The task
Your answer must be only the lines below from the one containing "Olive Wood Small Spoons Set/4 - Caskata" through the one containing "Smart Bluetooth Aroma Diffuser", copied exactly, with the pictures left out.

Record excerpts

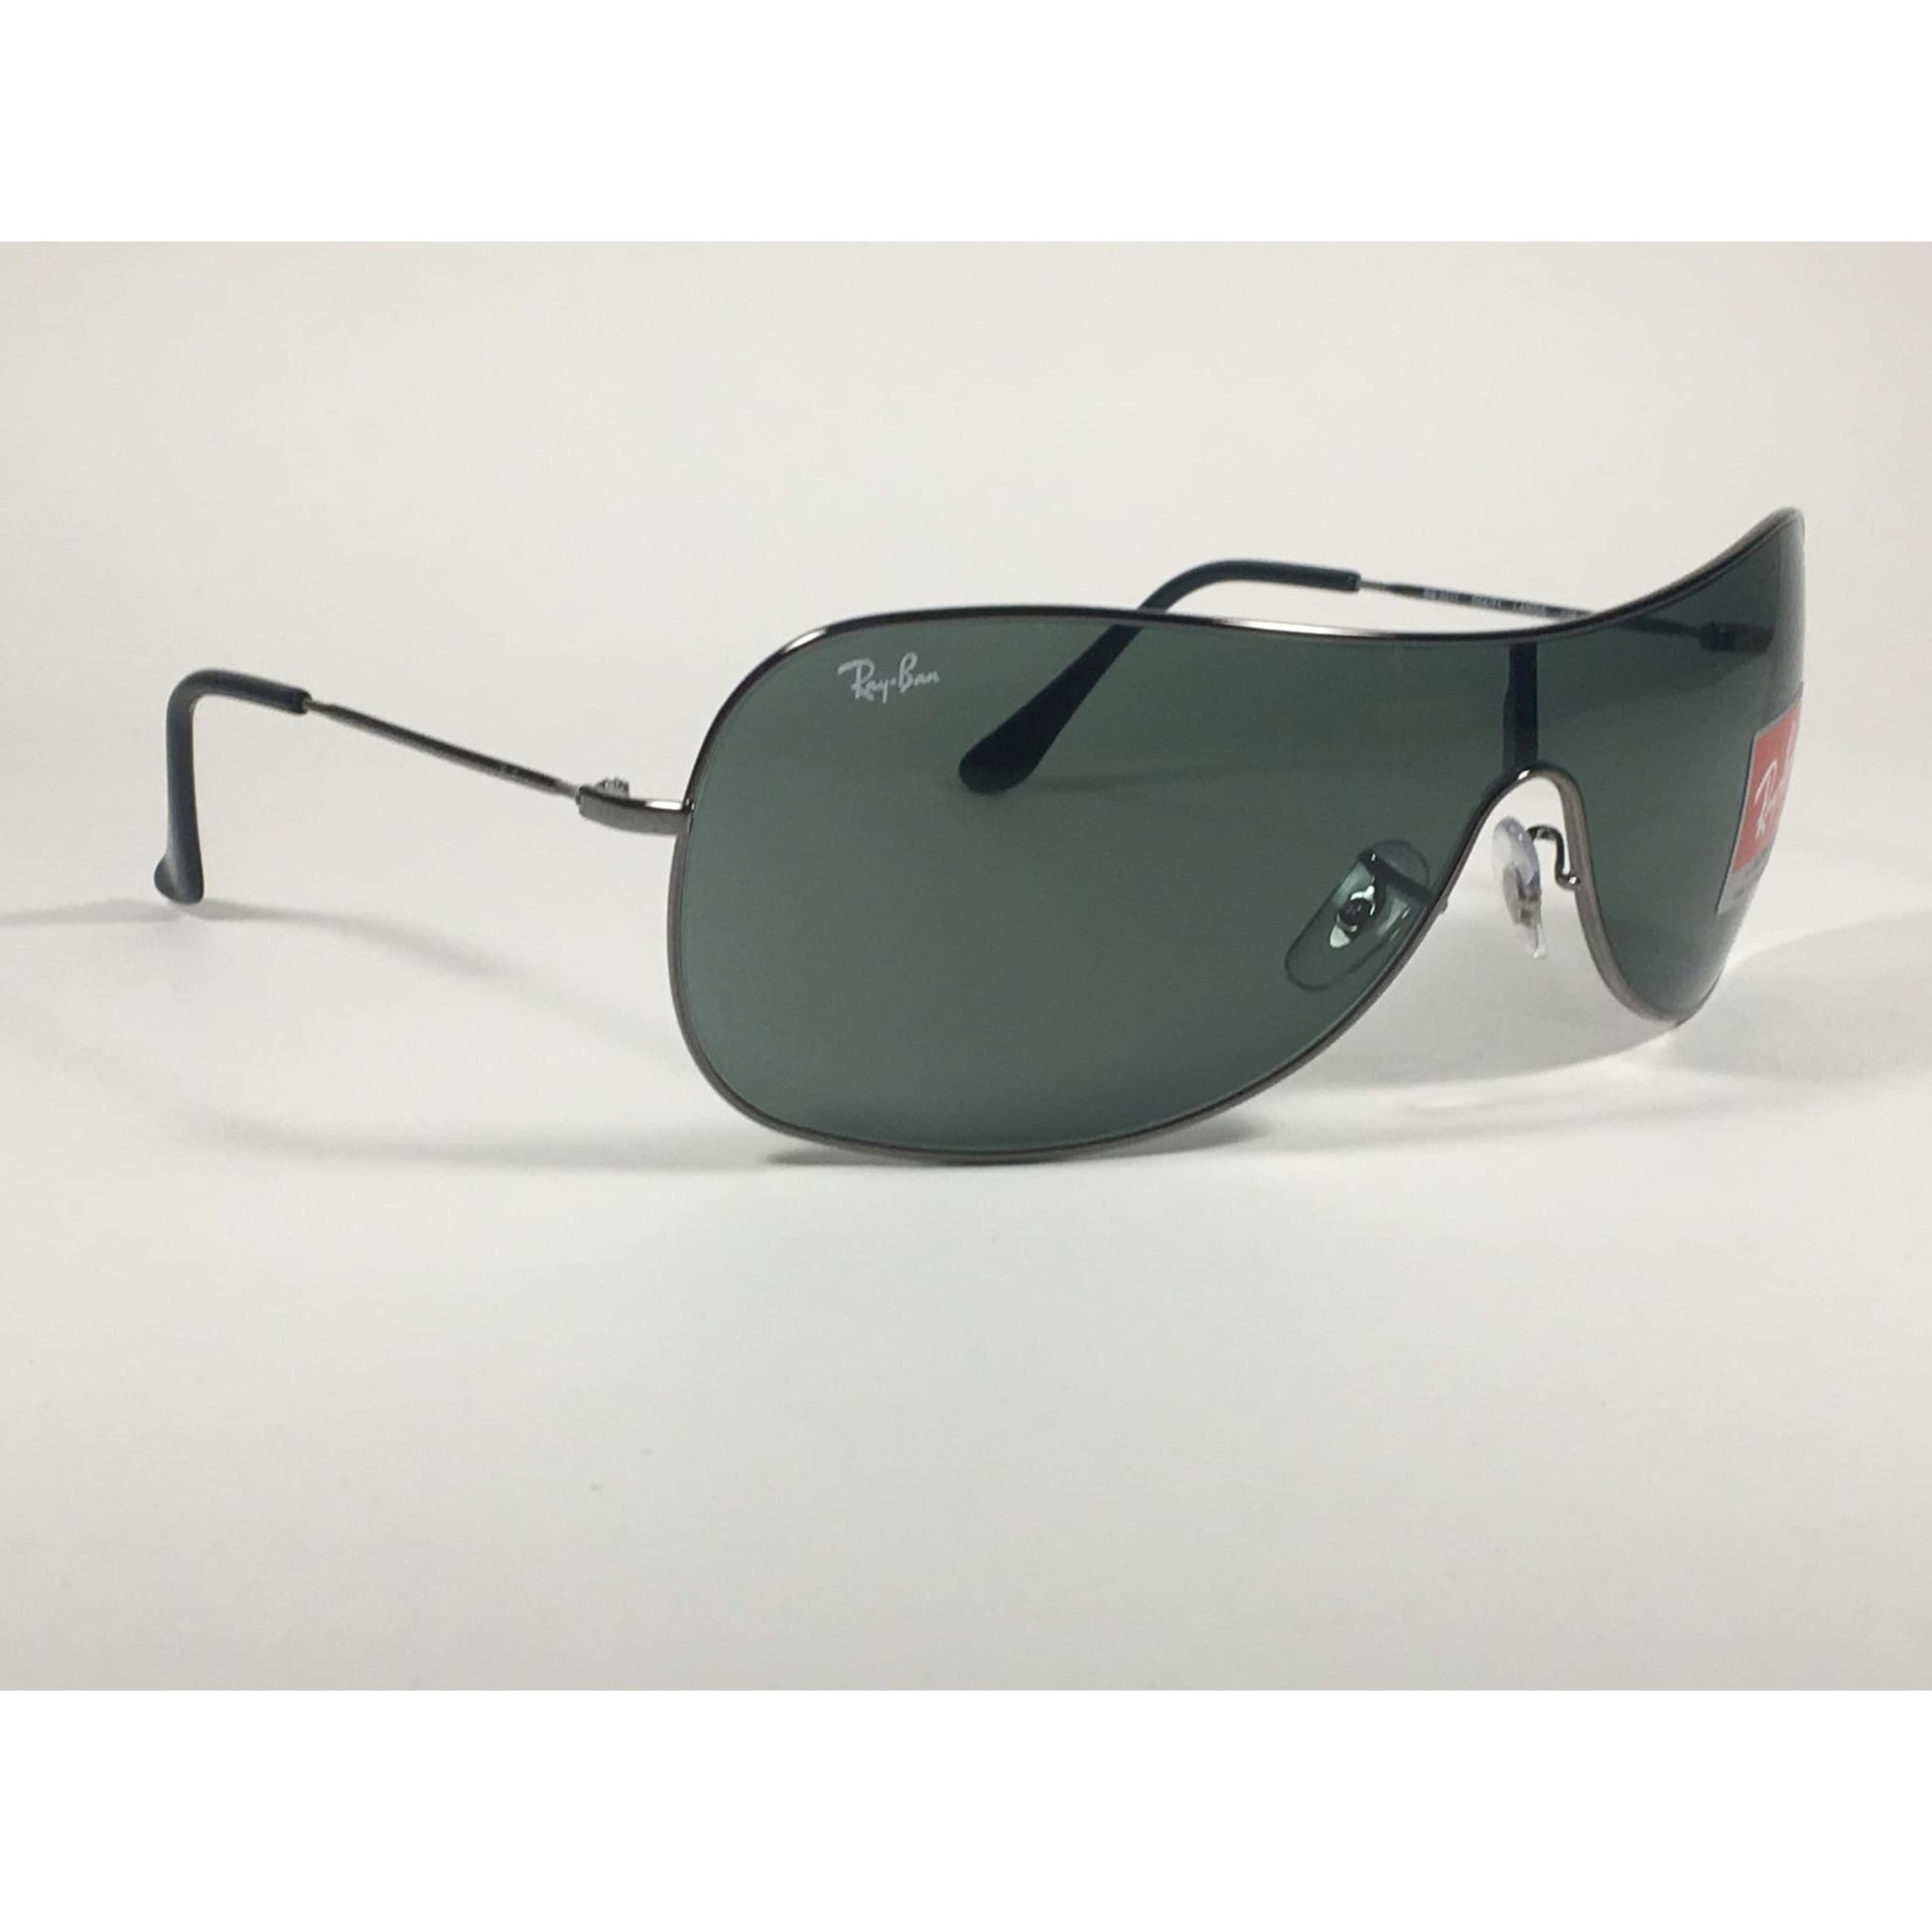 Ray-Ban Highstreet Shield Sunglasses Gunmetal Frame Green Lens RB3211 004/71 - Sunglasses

==

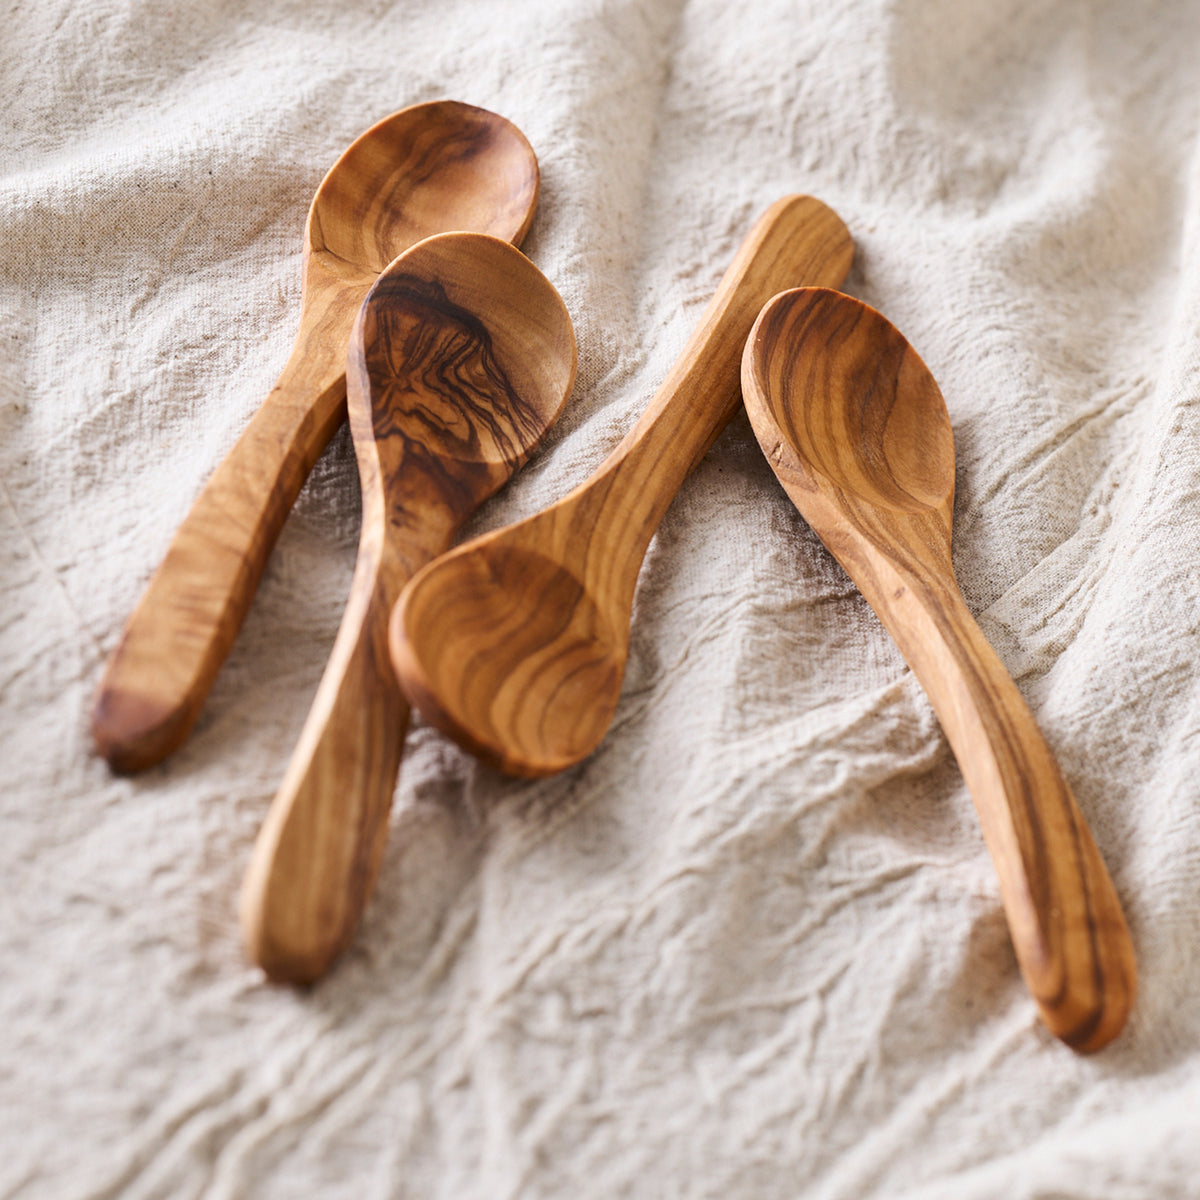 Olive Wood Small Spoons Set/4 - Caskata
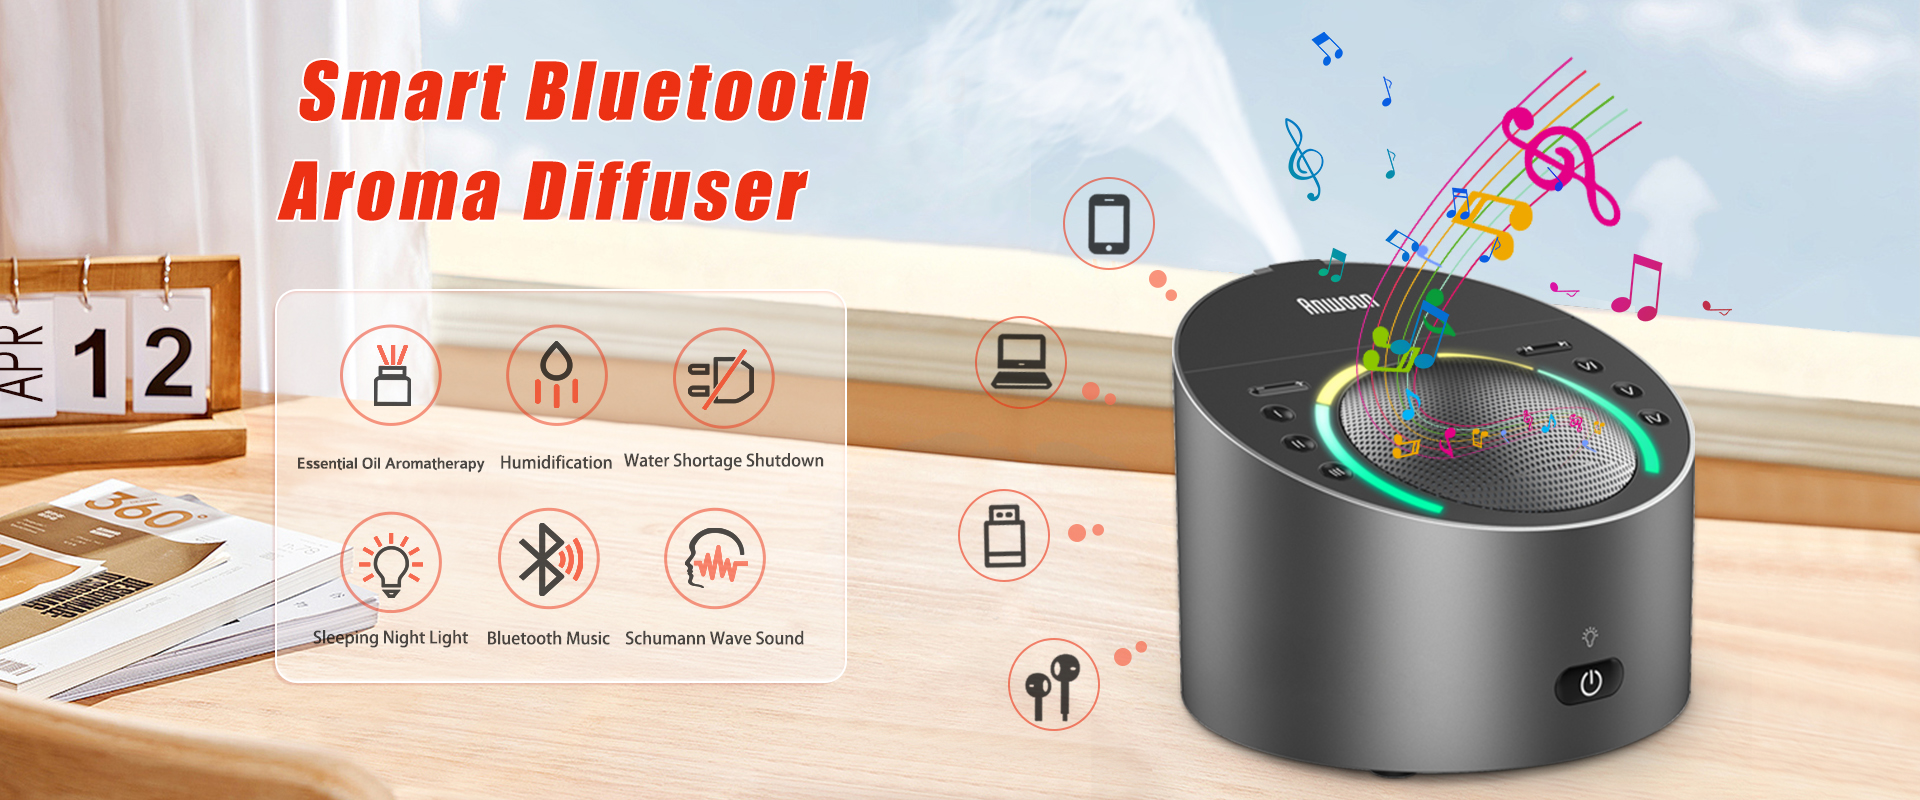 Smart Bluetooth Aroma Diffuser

Task solution
 Olive Wood Small Spoons Set/4 - Caskata
 Smart Bluetooth Aroma Diffuser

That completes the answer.